The four international organizations (ISMGF, ISOD, IBSA, and cp-Isra) felt right away that need to organize in the face of the Games and founded in 1982, the International Coordinating Committee of sports for persons with disabilities (ICC), consisting initially of three members from each entity. In 1986, the International Sports Federations for the Deaf (CISS) and Persons with intellectual disabilities (INAS-FID) joined.

Finally, on 22 September 1989, the International Paralympic Committee, a non-profit organization, was born in Dusseldorf, Germany, to act as the governing body of the Paralympic Movement. But it wasn’t until 1992, after the Barcelona Games, that the ICC finally gave the witness to the IPC.

Divergent paths

For a wide variety of reasons, as has been said, the Olympic and Paralympic Games did not share seats for many years. In 1968 the Paralympics were not in Mexico, but Tel-Aviv (Israel); Germany in 1972 transferred the Paralympic competition to Heidelberg instead of holding it in Munich, and in 1976, the Montreal Games moved to another Canadian city, Toronto. The situation worsened further when the Soviet Union refused to host the 1980 Paralympic Games in Moscow or any other Russian town and had to be held in Arnhem, The Netherlands.

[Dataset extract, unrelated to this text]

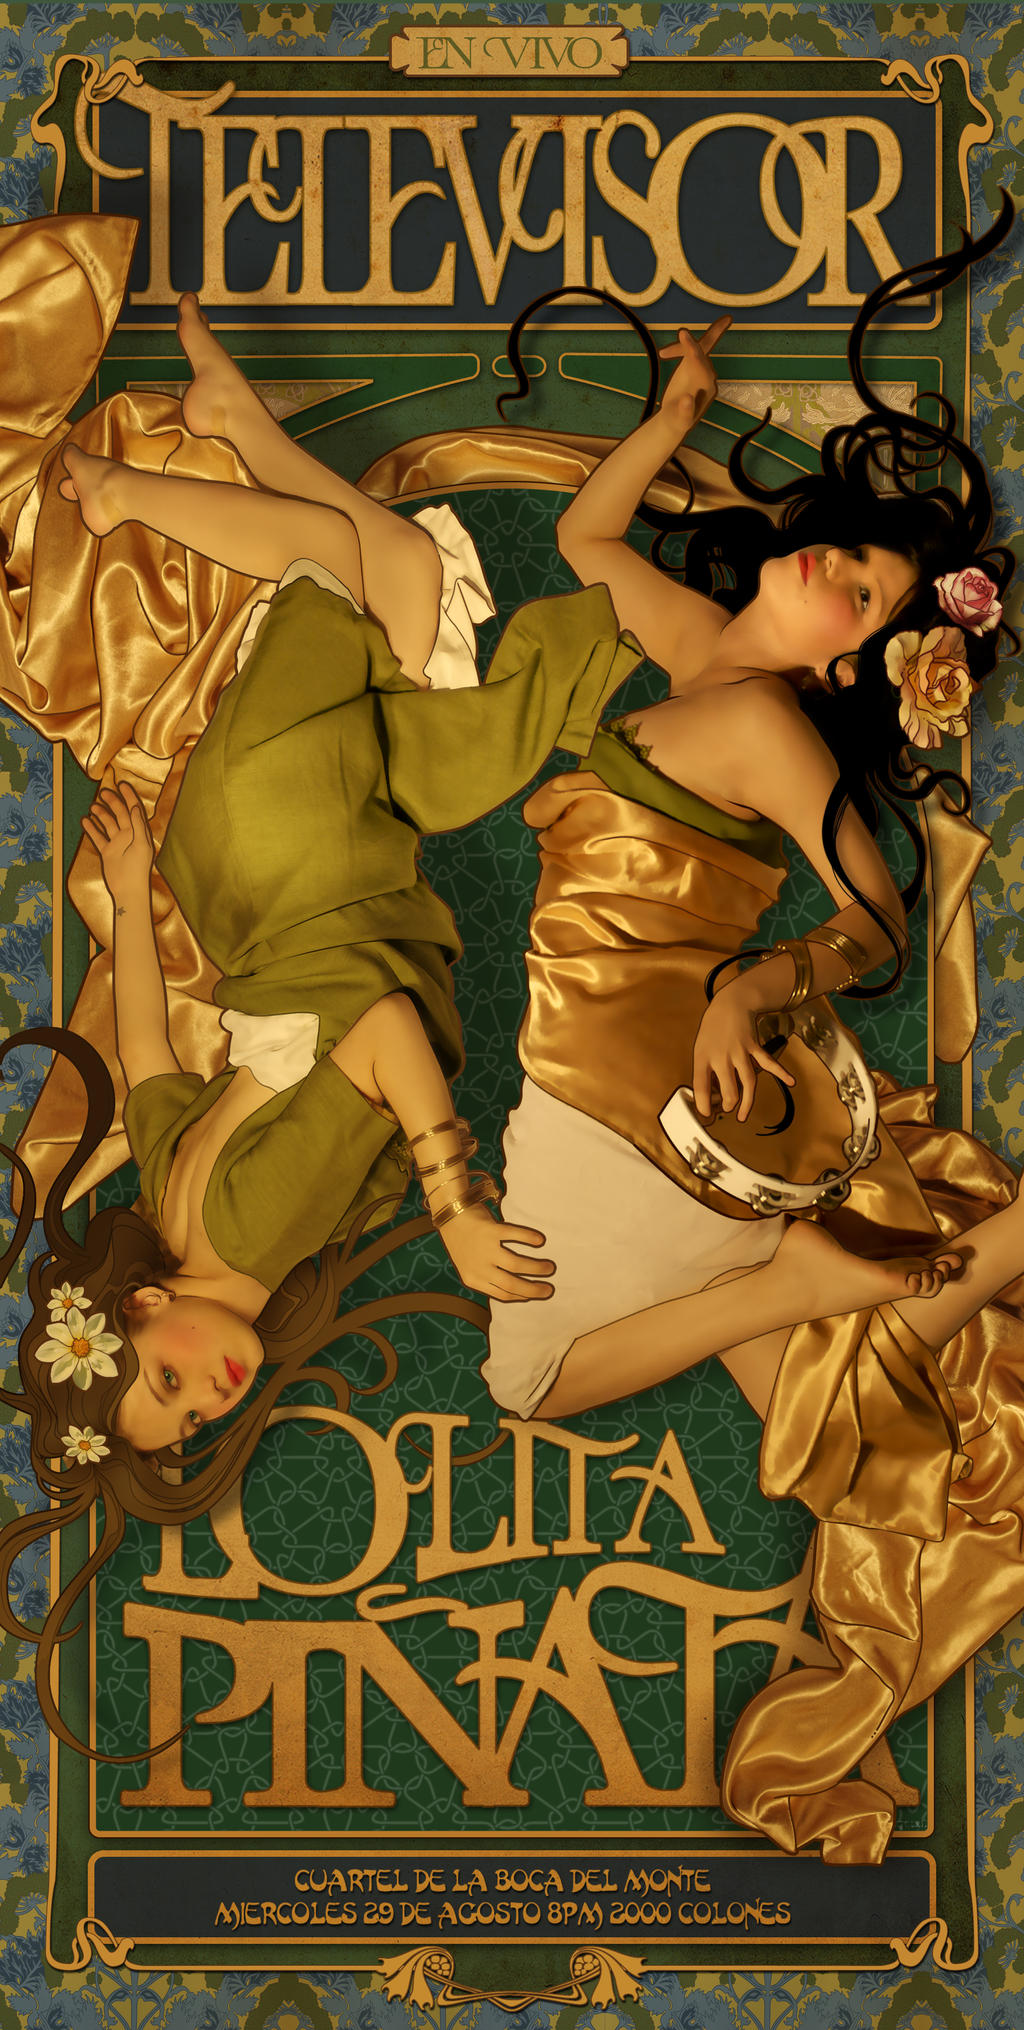 Lolita Pinata y Televisor

But four years later, in 1984, something similar happened with the other world superpower of the Cold War, and Los Angeles refused to organize the Paralympic event. Games as such could not even be held, as they had to be split between two venues: New York organized competitions for the blind, amputees, and other physical disabilities and people with cerebral palsy, while testing for people with spinal injuries had to return to Stoke Mandeville in Britain.

At the same time, in 1976, the Swedish town of Ornskoldsvik hosted the first Paralympic Winter Games, with 53 athletes from 16 countries taking part in Alpine and Nordic skiing events. After that, he also acquired four-yearly.

Finally, since Seoul 1988 and Albertville 1992, the summer and Winter Olympic and Paralympic Games are held in the same cities and facilities, as a result of the agreement between the ICC and the International Olympic Committee, in which the then-president of the highest Olympic organ, Juan Antonio Samaranch, played a key role.